Итак, он повстречался с Гольдмундом, прошел один день вместе с ним, обмениваясь странническими воспоминаниями, потерялся в ближайшем городке, попадался ему снова то тут, то там и, наконец, совсем остался с ним, покладистый и услужливый спутник. Гольдмунд нравился ему очень, он домогался его внимания мелкими услугами, восхищался его знаниями, его смелостью, умом, ему полюбились его здоровье, сила и искренность. Они привыкли друг к другу, потому что и Гольдмунд был покладист. Только одного не выносил он: когда бывал одержим своей тоской или раздумьями, то упорно молчал и смотрел мимо другого, как будто того не было, и тогда нельзя было ни болтать, ни спрашивать, ни утешать, а нужно было предоставить его самому себе и дать отмолчаться. Этому Роберт скоро научился. С тех пор как он заметил, что Гольдмунд знает наизусть множество латинских стихов и песнопений, услышал, как тот объяснял перед порталом одного собора значение каменных фигур, увидел, как он на голой стене, у которой они Отдыхали, быстрыми размашистыми линиями нарисовал сангиной человеческие фигуры, он считал своего товарища любимцем Бога и почти магом. Что он был еще и любимцем женщин и завоевывал иную одним взглядом и улыбкой, Роберт тоже заметил; это нравилось ему меньше, но не восхищаться этим он все-таки не мог.

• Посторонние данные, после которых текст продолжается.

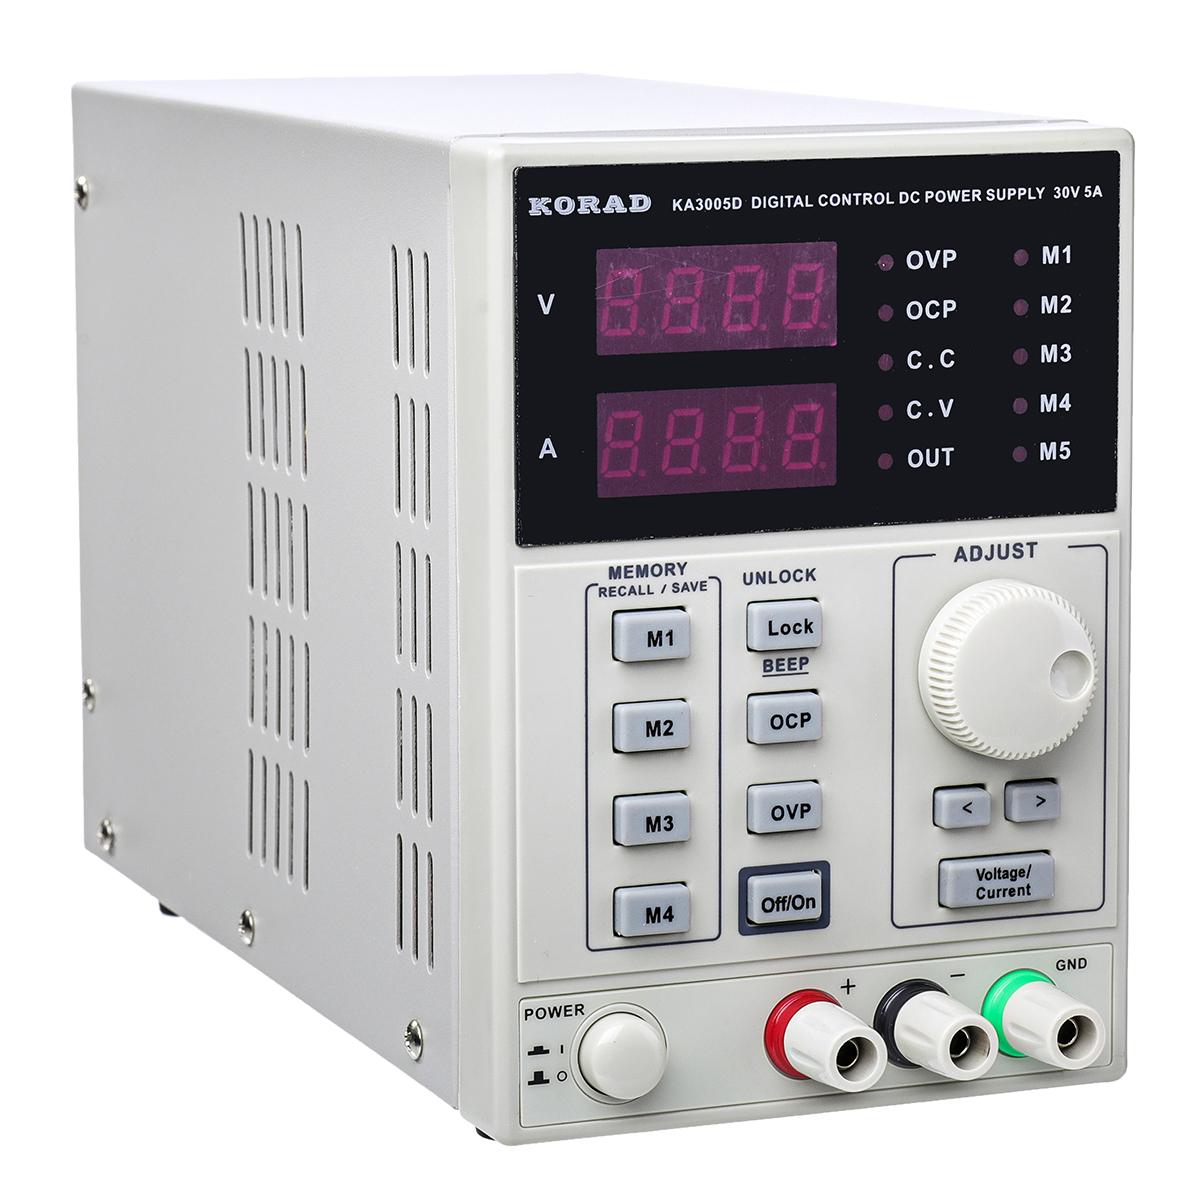 Laboratory-DC-Bench-Power-Supply-Variable-Benchtop-0-30V-0-5A-LCD-Display thumbnail 2

Их путешествие как-то неожиданно прервалось. Однажды они проходили вблизи какой-то деревни, их встретила группа крестьян, вооруженных дубинками, палками и цепами, и предводитель крикнул им издалека, чтобы они тотчас поворачивали обратно и убирались навсегда. к черту, иначе будут биты насмерть. Пока Гольдмунд стоял, желая узнать, что все-таки случилось, один камень попал ему в грудь. Роберт, к которому он обернулся, убегал прочь, как одержимый. Угрожая, крестьяне приближались, и Гольдмунду ничего не оставалось, как менее поспешно последовать за убегающим. Дрожа, поджидал его Роберт под крестом с распятием, стоявшим посреди поля.
— Ты бежал, как герой, — смеялся Гольдмунд. — Но что это взбрело в глупые головы этим грязнулям? Разве война? Выставляют вооруженную охрану своего гнезда и никого не хотят пускать! Удивительно, что бы это значило?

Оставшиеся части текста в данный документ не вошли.